As far as how high, my house is a story and a half and the antenna is mounted on the chimney so to the top might only be 20 to 25 feet. As soon as the weather breaks I plan to raise the antenna at least another 5 feet or so. Got a couple 100 watt solar panels to put up there while I have the ladder out. Here is a link that might be interesting if you want to see what channels are available for digital tv in your area. On the left hand side is a change location link where you can enter your zip code.

http://tvlistings.aol.com/listings/oh/indian-spgs/over-the-air/45013

Just tested the link and punched in 90210 for kicks. I think it was Beverly hills or something like that. Man they got lots and lots of local channels.


----------



## hayden (Apr 30, 2012)

I was looking thru my subscribed threads for an alcohol stove thread from a couple years ago, couldn't find it but I did find this do it yourself digital tv antenna that Survival mentioned recently. Might be useful for some of our newer members who want to cut the cable tv bill.


----------



## Makwa (Dec 19, 2014)

Good topic OP. Like rice paddy daddy we got fed up with the ridiculous rates for satellite tv. We found out that two of the channels we watched the most (because most of the channels on the basic satellite package are just crap and repetitive stations) are available on digital tv via antenna. Up here there are not a lot of stations to pick up and our closest is around 90 miles, but we are picking them up with just a chunk of coax cable with the end stripped.

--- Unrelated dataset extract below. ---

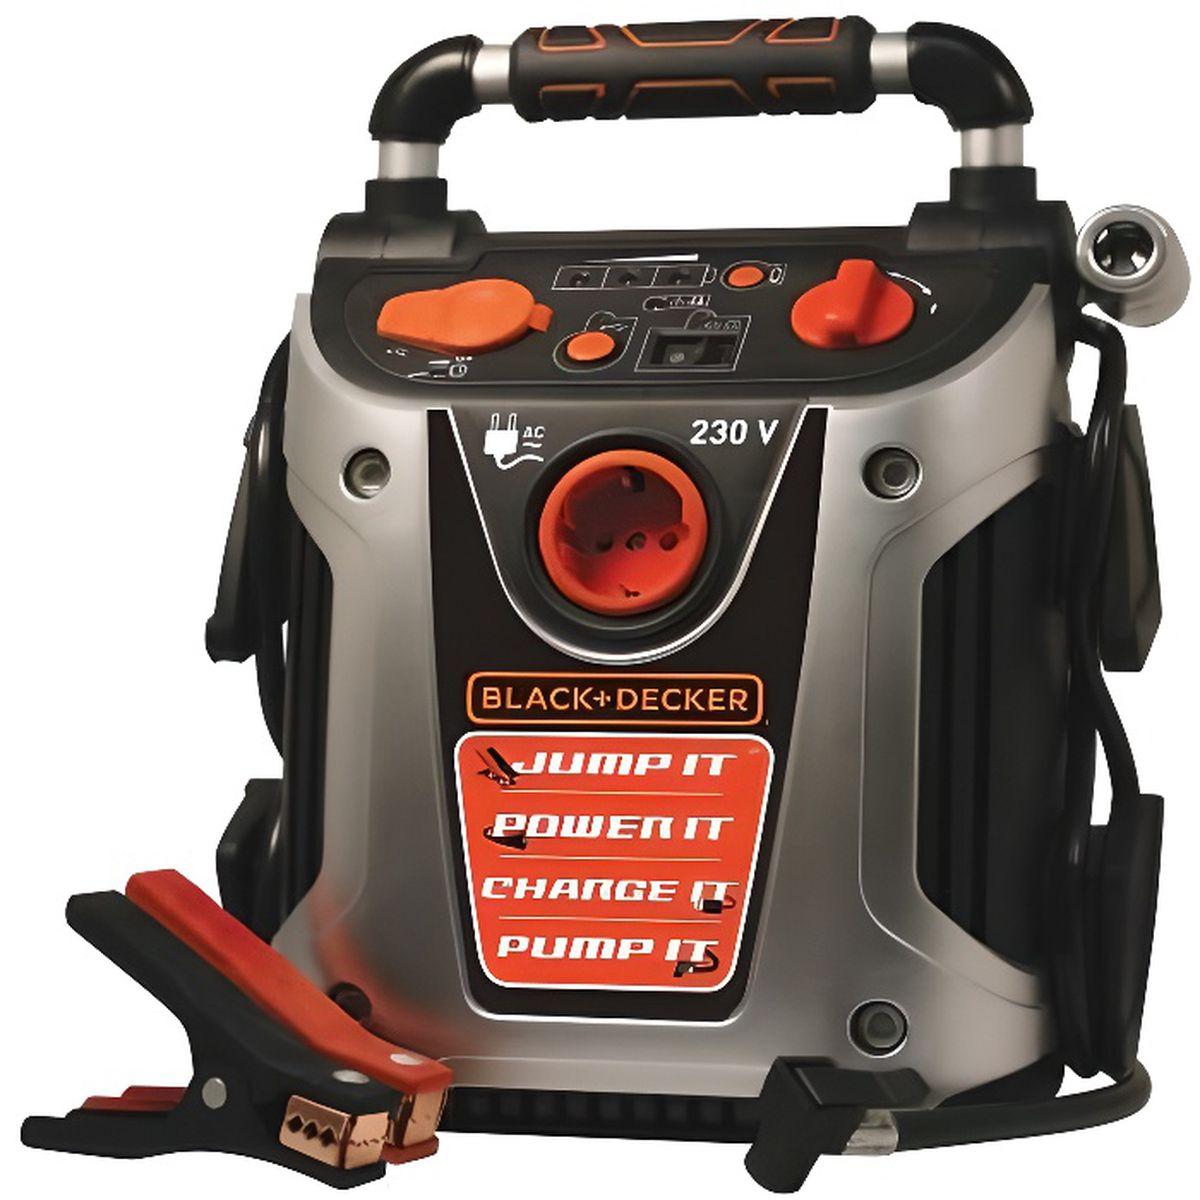 Milwaukee Batterie-Compresseur m12 bi-0 8,27 bar//120psi sans batterie et charge

Our internet is via broadband, so we do a lot of streaming........... so that combined with the channels via digital tv stations is what we do now and we sure don't miss the satellite company. They are just a bunch of bandits.


----------



## Salt-N-Pepper (Aug 18, 2014)

Did away with TV years ago, haven't missed it even in the slightest.


----------



## Mad Trapper (Feb 12, 2014)

Great reference!!! It comes in handy as a friend has been wanting to get broadcast TV and he needs an antenna.

I found one of the huge old roof mount Channelmaster antenna and refurbished it and replaced the signal booster. I'm quite far from any broadcast locations but get many stations.

I would recommend a Channelmaster booster for one of the homemade setups, it makes a huge difference for marginal stations. The power for the booster goes through the coax cable and power supply is inside with an in and out coax connections.


----------



## 1skrewsloose (Jun 3, 2013)

The article states 12 gauge wire, is stranded OK, or does it require solid wire? Looking for something like this. Cable bill is $80 a month and we watch netflix most of the time. Thanks.


----------



## Maine-Marine (Mar 7, 2014)

One of the guys I work with made one... he got 8 channels

this will tell you what you should be able to receive The Digital TV Transition: Reception Maps

I did it at the house and got 4 channels... just by sticking a home made antenna outside the door.

We sell towers to gas and oil companies..and have recently sold a couple to home owners... mostly 50 footers

you can get a tower that has a hinge and will fold over


----------



## hayden (Apr 30, 2012)

1skrewsloose said:


> The article states 12 gauge wire, is stranded OK, or does it require solid wire? Looking for something like this. Cable bill is $80 a month and we watch netflix most of the time. Thanks.


I don't think stranded wire would work. Probably too flexible to hold it's shape. Some of the ones I've seen are made from metal wire coat hangers. Some of them have a rectangular grid behind them to act as a reflector making them somewhat directional. As I mentioned in the OP I'm in the middle of Dayton and Cincinnati so no reflector on mine.


----------